Deva Holding's sales in Q1 2009 compared with Q1 2008 declined on the
basis of unit terms by 21.75%, on TRY basis 7.24%, and 32.73% in USD
basis.
Deva Holding's market share in Q1 2009 in unit terms was 3.41%, which
was at the level of 4.52% in Q1 2008. Deva Holding's market share in
Q1 2009 in TRY and USD basis have regressed from the 3.23% to 2.54%.

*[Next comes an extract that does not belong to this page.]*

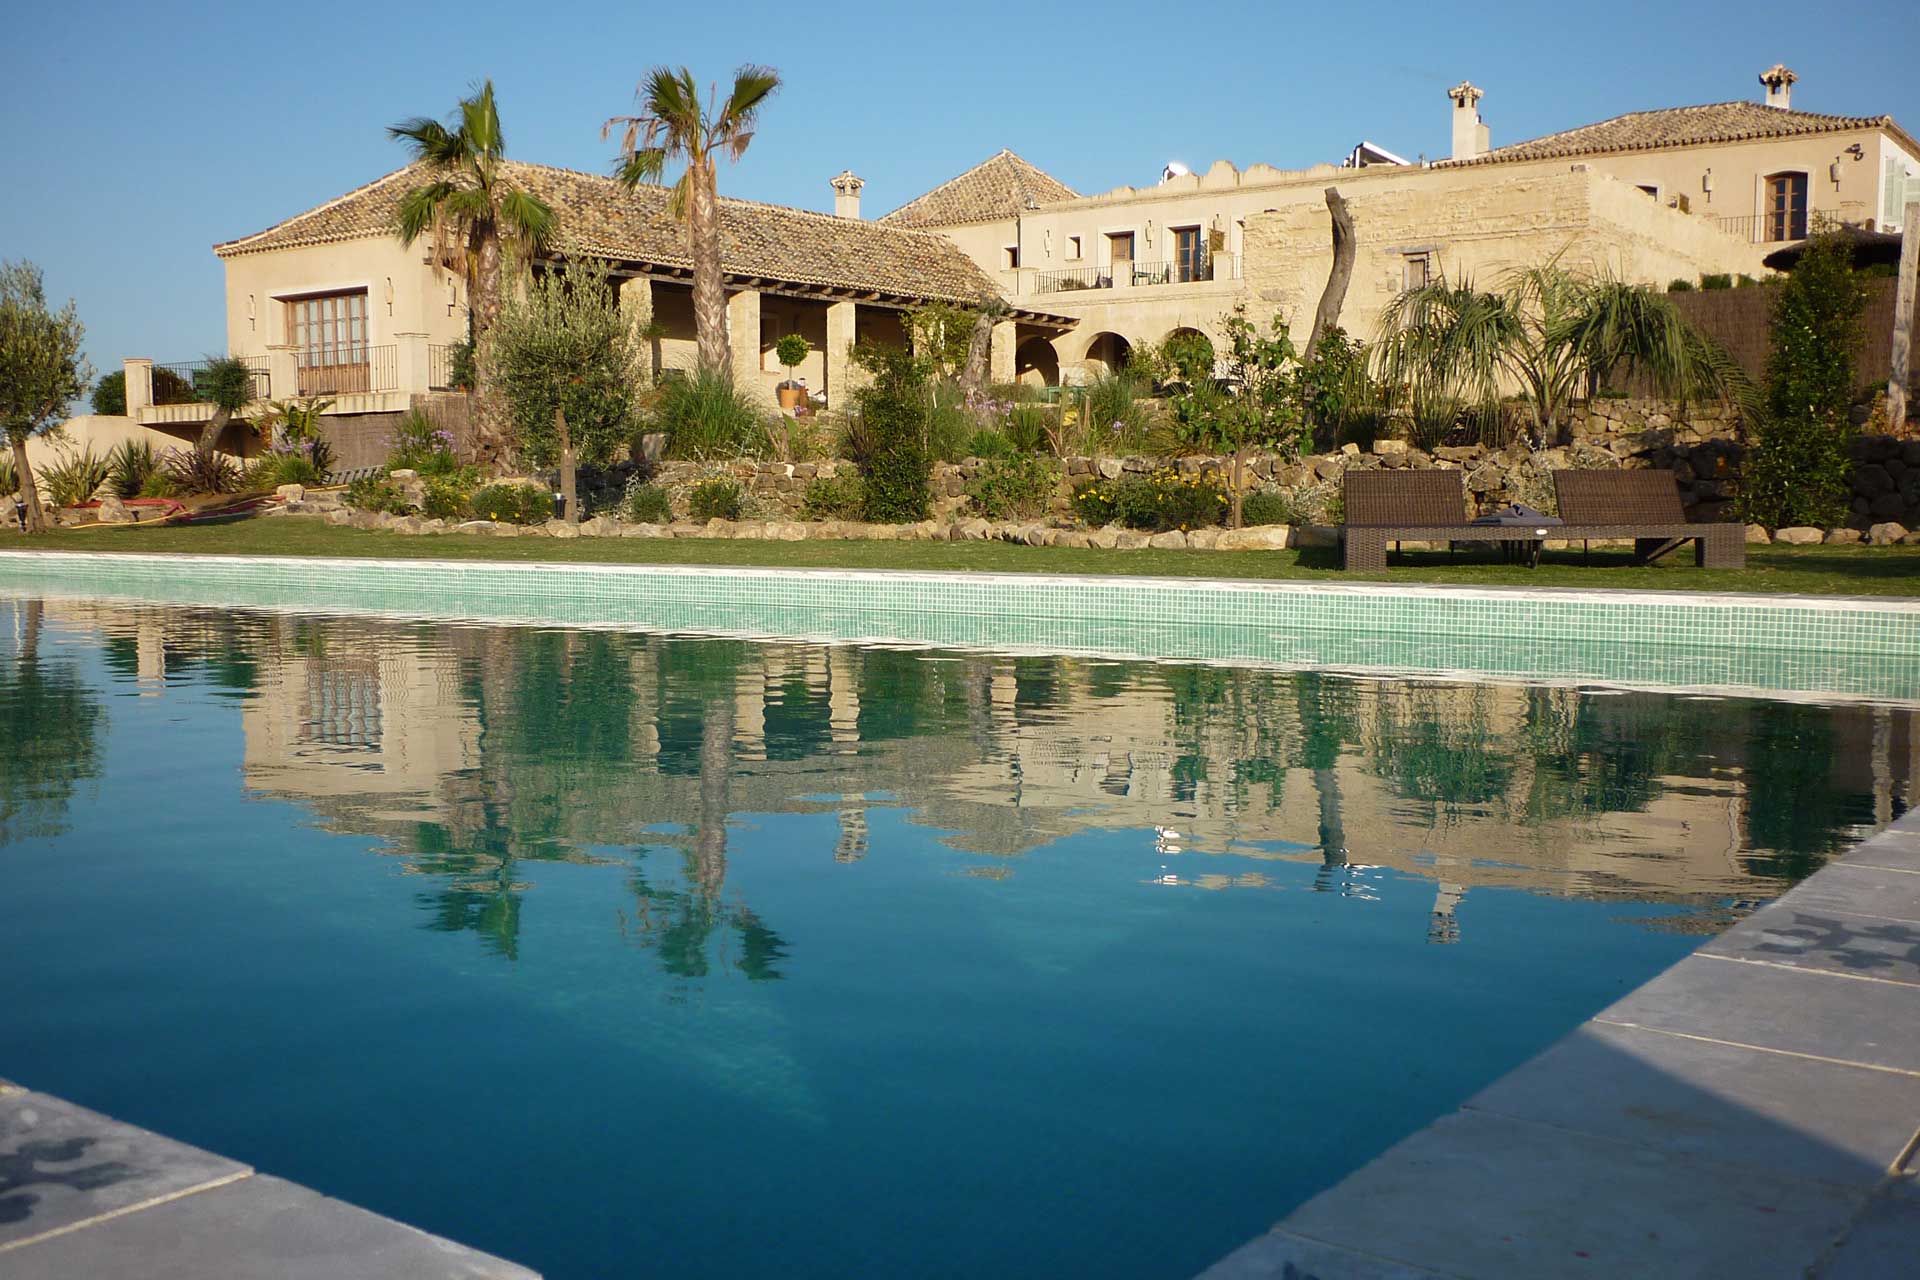 Casa La Siesta pool

The first 10 best-selling drugs of Deva Holding in Q1 2009 generates
48.99% of its total unit sales, 72.00% of its revenue in TRY terms
and 71.91% of its revenue in USD terms.
Azitro and Cefaks from Deva Product Portfolio were again the market
leaders in Q1 2009 both in value (TRY) terms as well as unit terms.

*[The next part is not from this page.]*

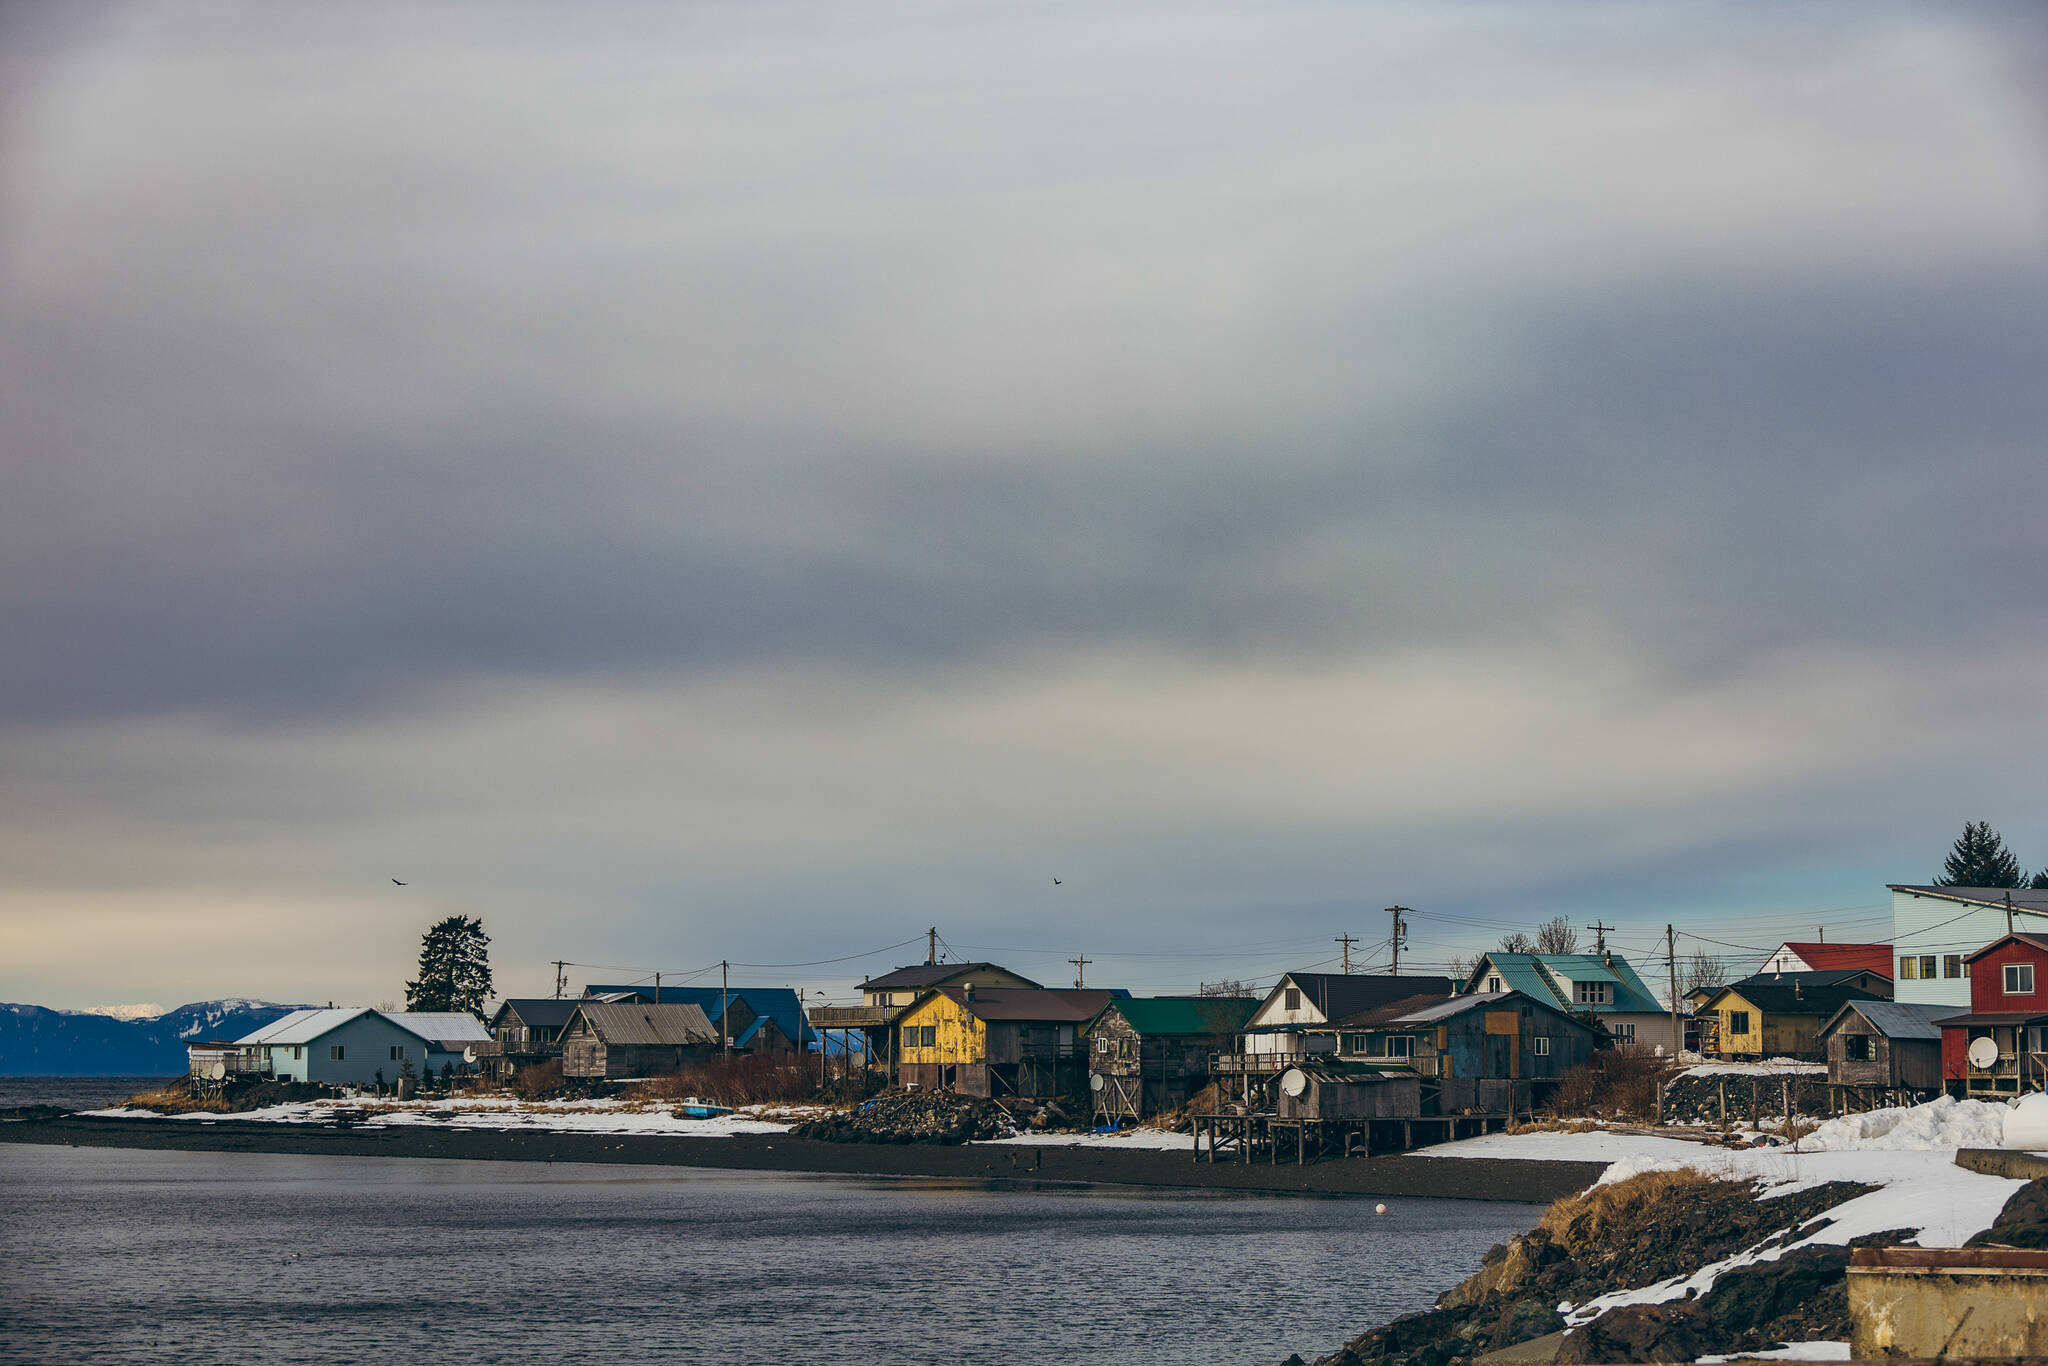 Kake, (Ḵéex̱ʼ) is a Tlingit community of around 600 people located on Kupreanof Island on Keku Strait. (Courtesy Photo / Muriel Reid)

The therapheutic breakdown of the total sales of Deva products in Q1
2008 in the basis of the unit was; Systemic Anti-infectives 42.76%,
Musculo-Skeletal System 18.69%, Alimentary T. & Metabolismn 16:03%,
Cardiovascular System 3.70%, Respiratory System 6.80%, dermatology
1.61%, Nervous System 3.05%, G.U. System & Sex Hormones 2.74%,
Antineoplast + Immunomodul 0.33%, and other drugs is 1:04%.

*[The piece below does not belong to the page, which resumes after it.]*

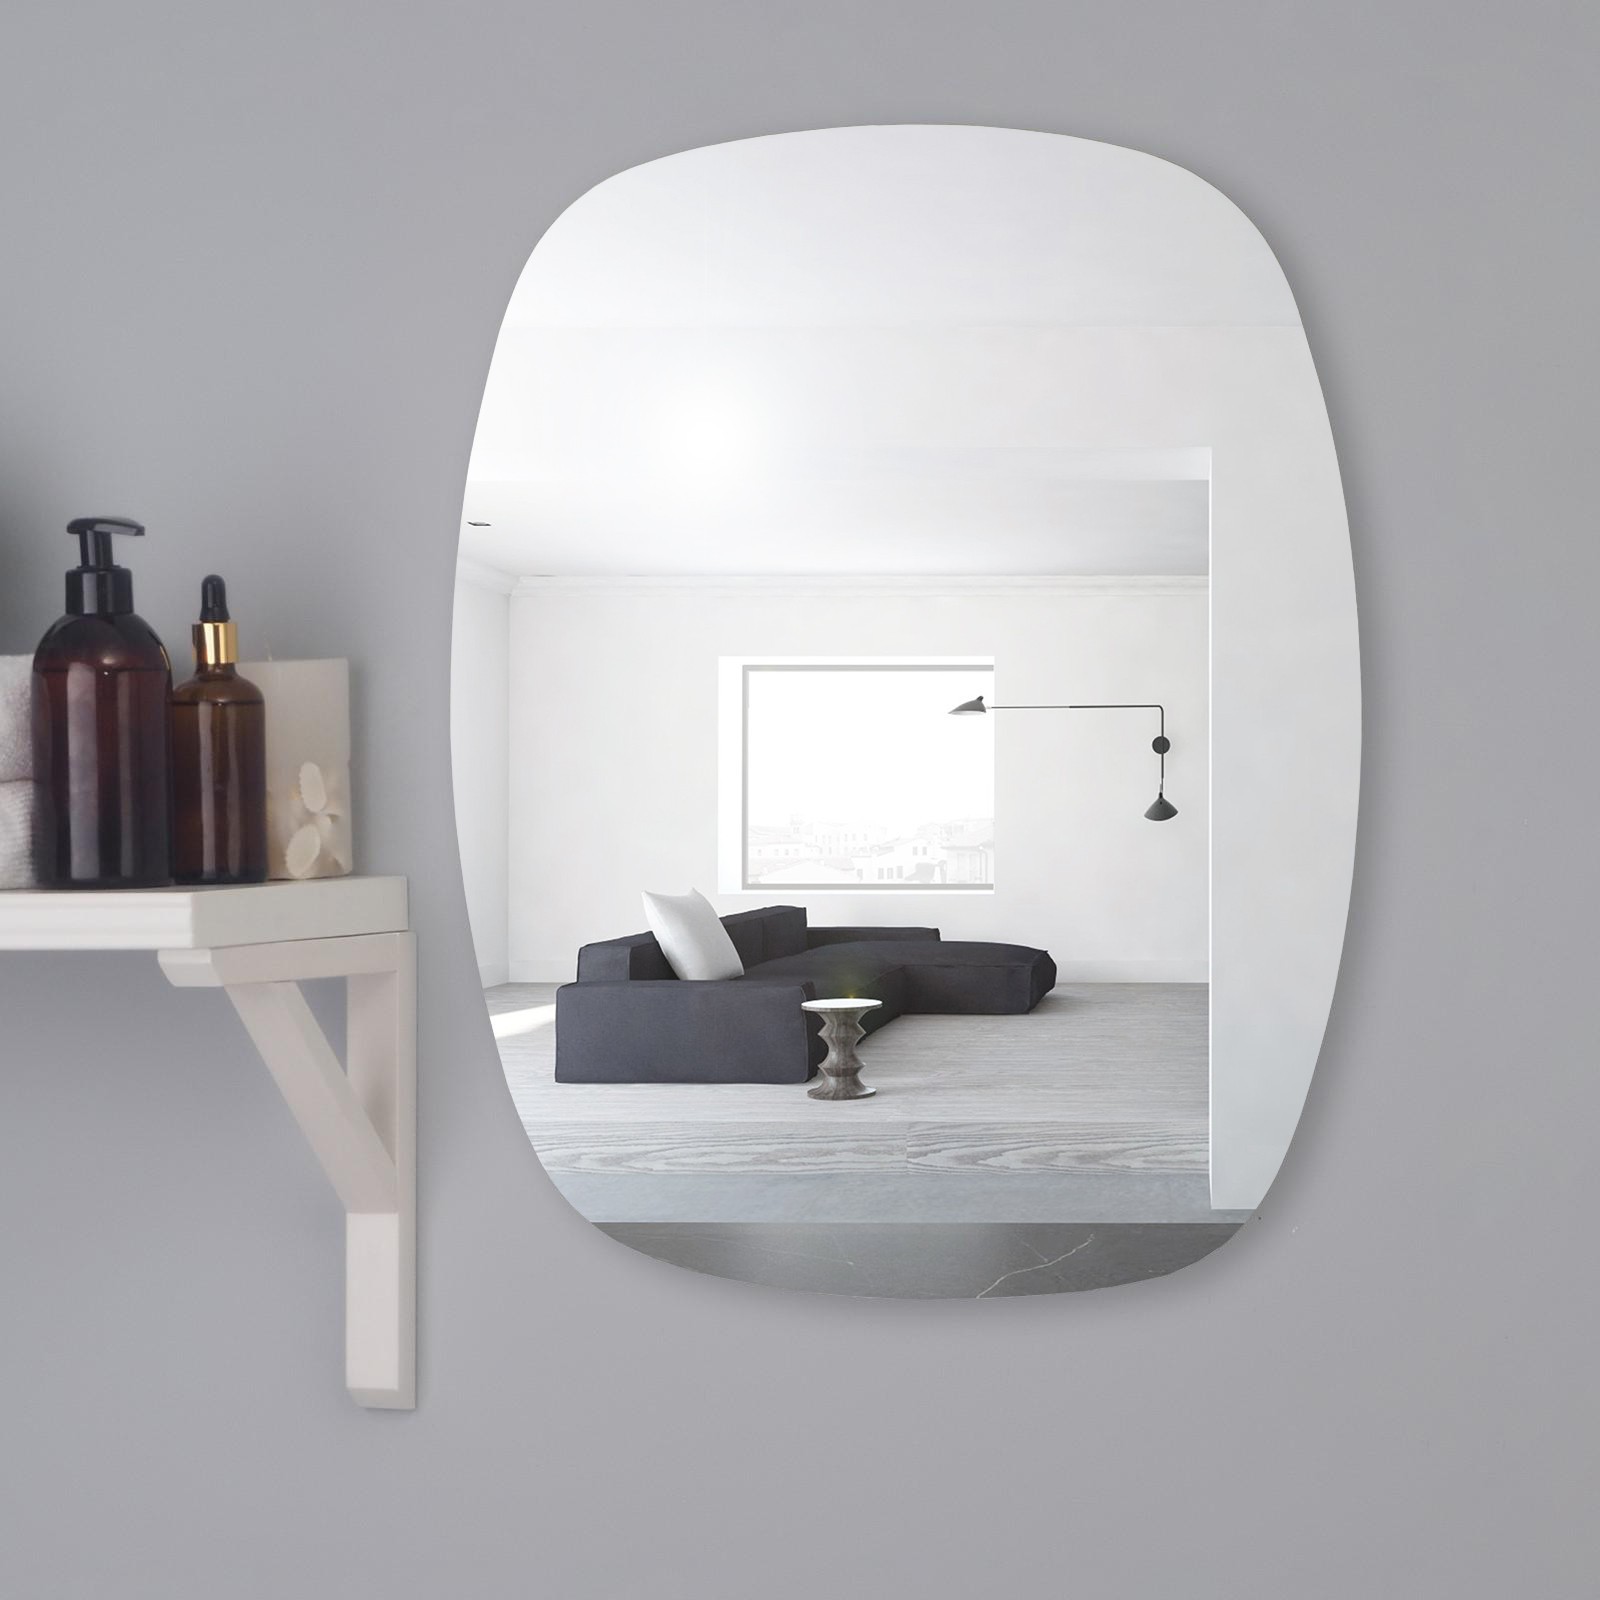 Зеркало Mirox. настенное, 4251805, 50x60 см настенное зеркало настенное зеркало оливия лайт нм 040 49 дуб сонома

The therapheutic breakdown of the total sales of Deva products in Q1
2008 in the basis of USD was; Systemic Anti-infectives 56.37%,
Musculo-Skeletal System 7:50%, Alimentary T. & Metabolismn 17.72%,
Cardiovascular System 4.88%, Respiratory System 4.90%, Dermatology
0.73%, Nervous System 0.85%, G.U. System & Sex Hormones 5.55%,
Antineoplast + Immunomodul 0.51%, and other drugs is 0.42%.
The therapheutic breakdown of the total sales of Deva products in Q1
2008 in the basis of the TRY was; Systemic Anti-infectives 56.27%,
Musculo-Skeletal System 7.52%, Alimentary T. & Metabolismn 17.77%,
Cardiovascular System 4.90%, Respiratory 4.89%, Dermatology 0.73%,
Nervous System 0.85%, G.U. System & Sex Hormones 5.58%, Antineoplast
+ Immunomodul 0.51%, and other drugs is 0.42%.
The therapheutic breakdown of the total sales of Deva products in Q1
2009 in the basis of the unit was; Systemic Anti-infectives 39.38%,
Musculo-Skeletal System 18:59%, Alimentary T. & Metabolismn 16.61%,
Cardiovascular System 4.07%, respiratory 8.52%, dermatology 2.71%,
Nervous System 1.82%, G.U. System & Sex Hormones 3.95%, Antineoplast
+ Immunomodul 0.77% and other drugs is 0.24%.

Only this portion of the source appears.